* [What the task asks] Retype, exactly as they appear below, the lines between the line holding "Stage lamp and stage lighting device" and the line holding "Find strength in", both ends included.

* [Records for this exercise]
******************************
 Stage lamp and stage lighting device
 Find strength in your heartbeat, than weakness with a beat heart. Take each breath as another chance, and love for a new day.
******************************
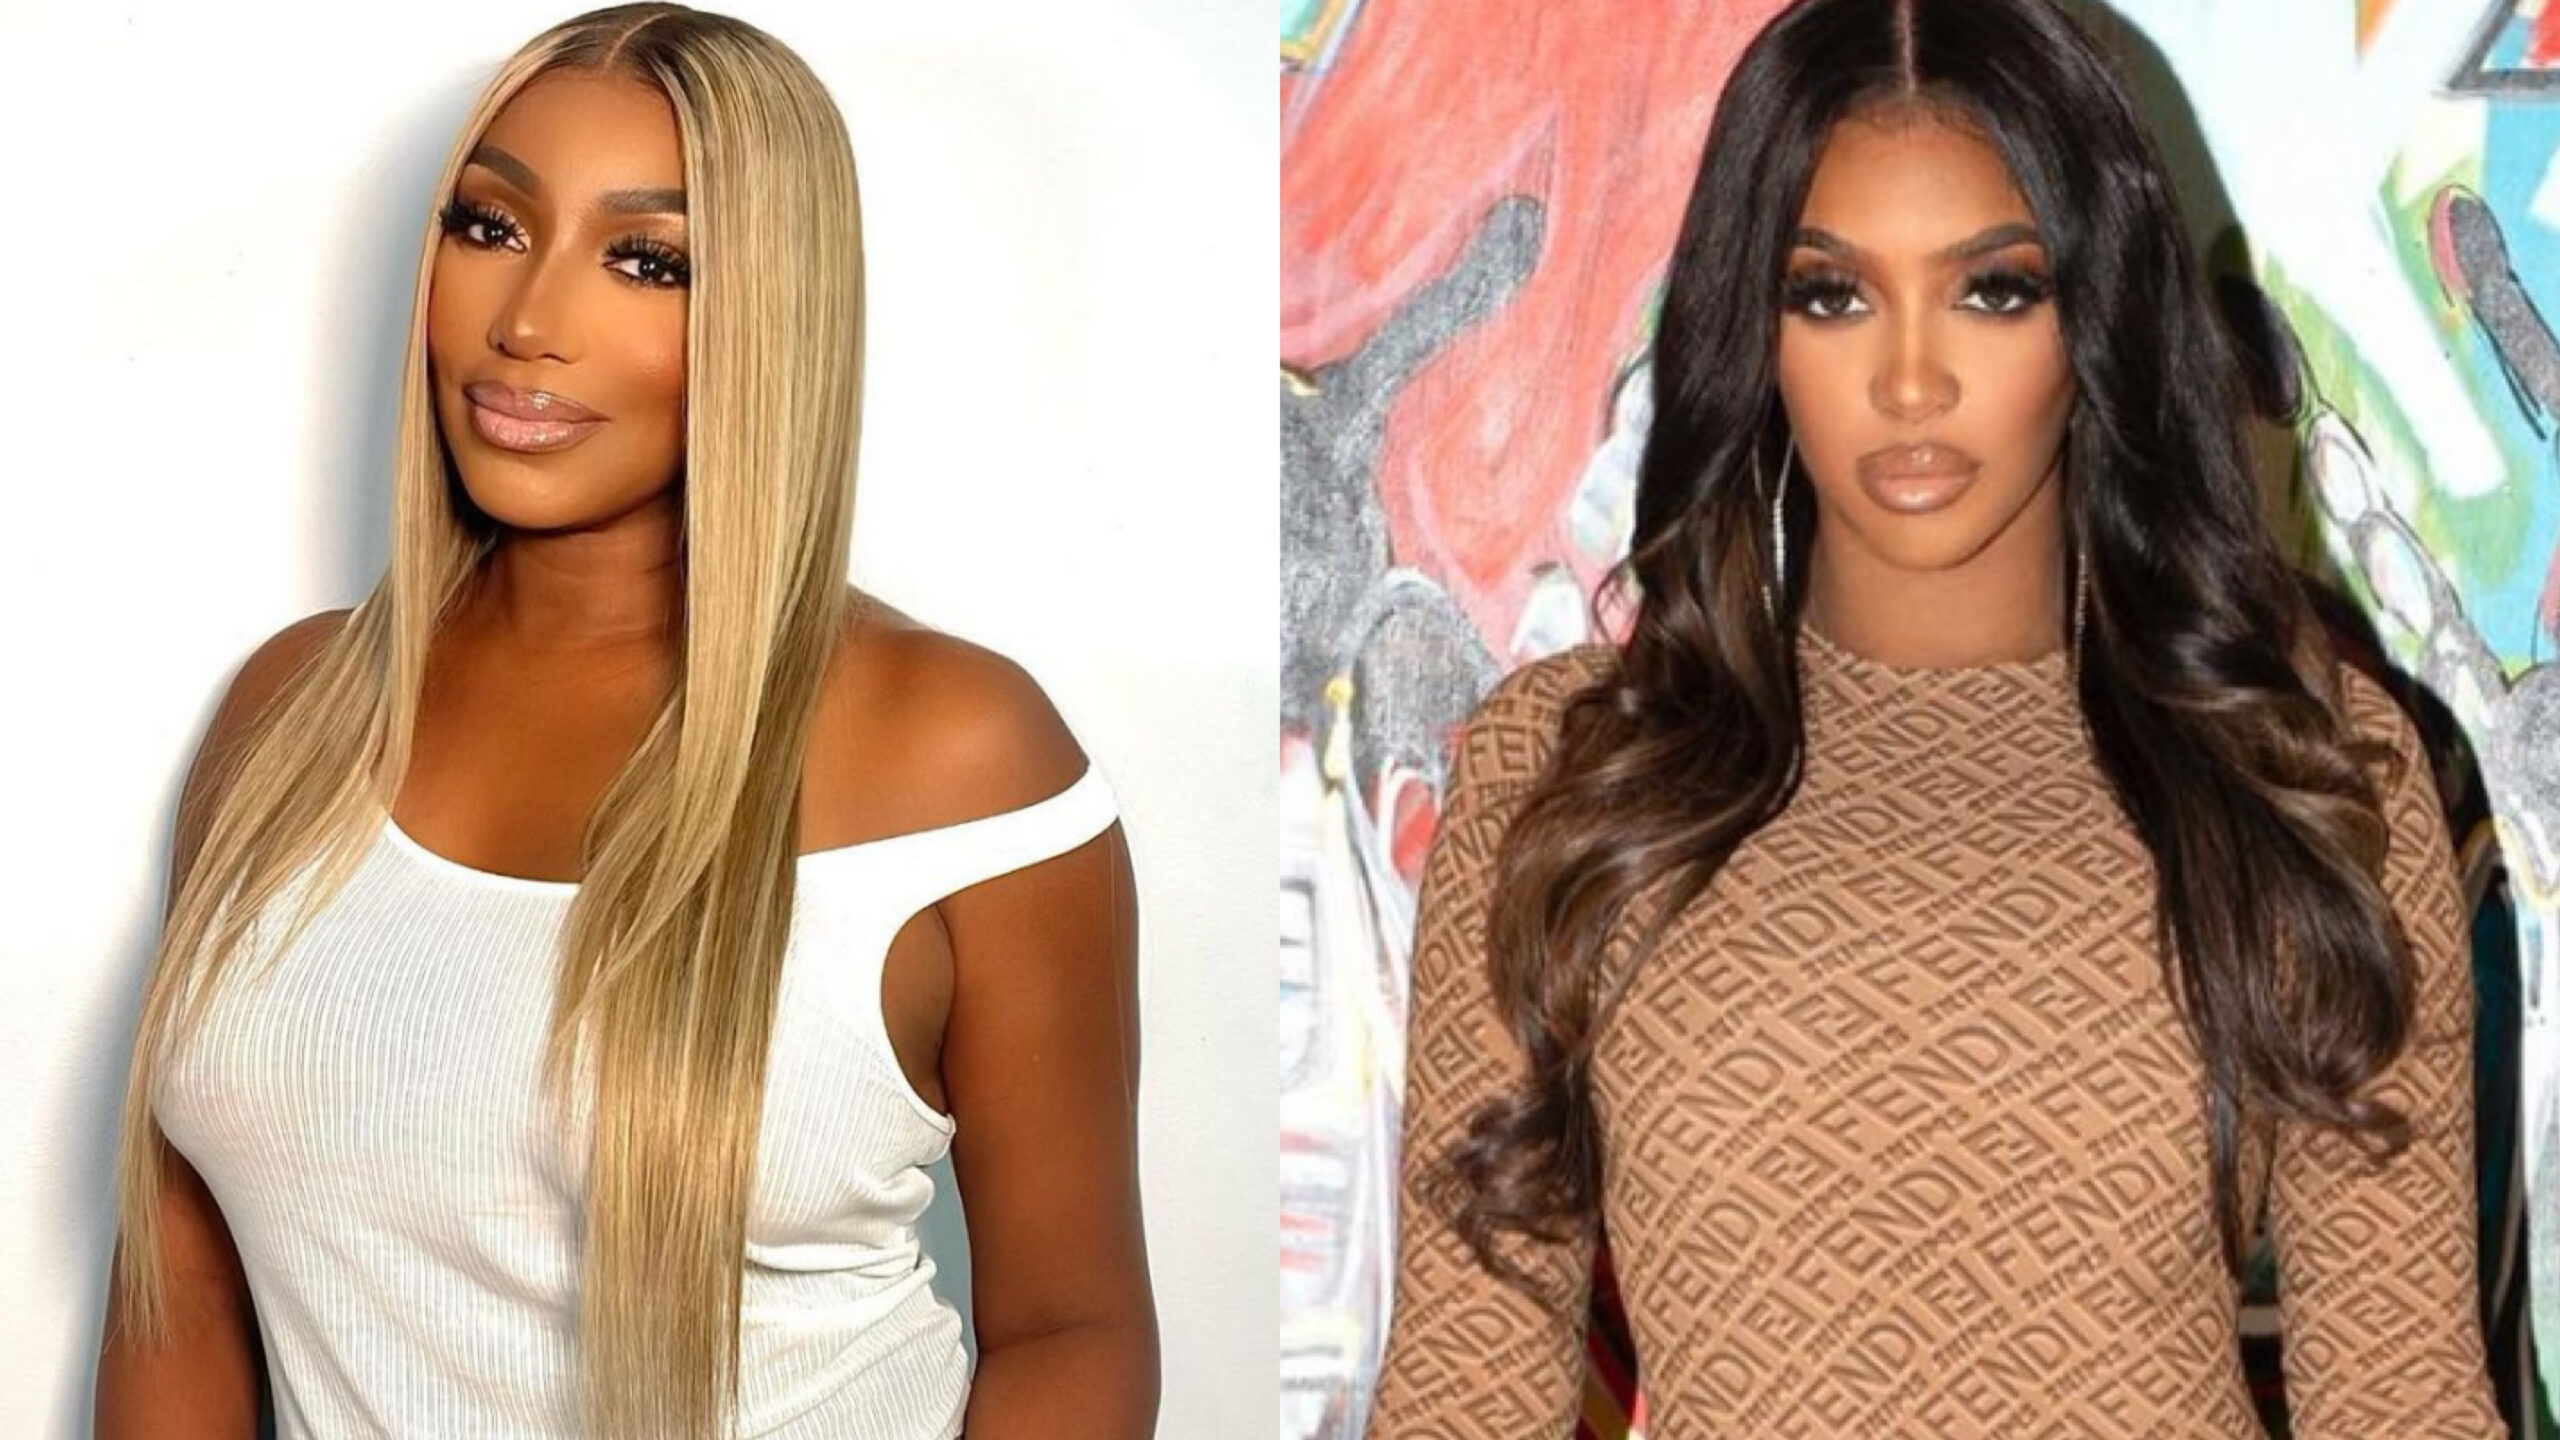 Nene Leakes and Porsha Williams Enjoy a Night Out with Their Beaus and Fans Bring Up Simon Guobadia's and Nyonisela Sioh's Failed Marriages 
******************************
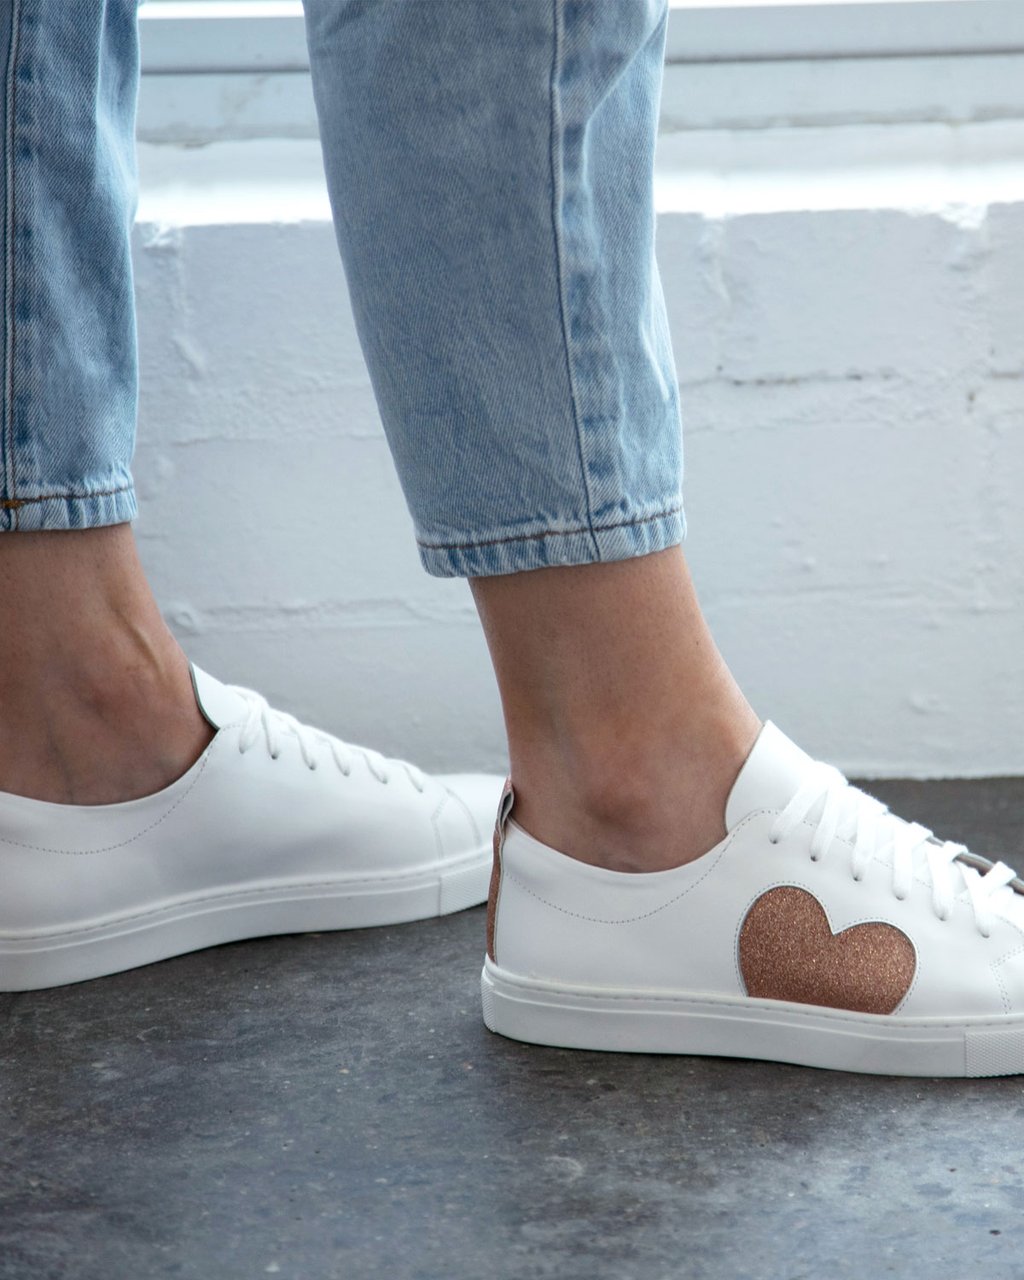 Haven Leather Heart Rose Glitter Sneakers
******************************
* [Completed exercise]
 Stage lamp and stage lighting device
 Find strength in your heartbeat, than weakness with a beat heart. Take each breath as another chance, and love for a new day.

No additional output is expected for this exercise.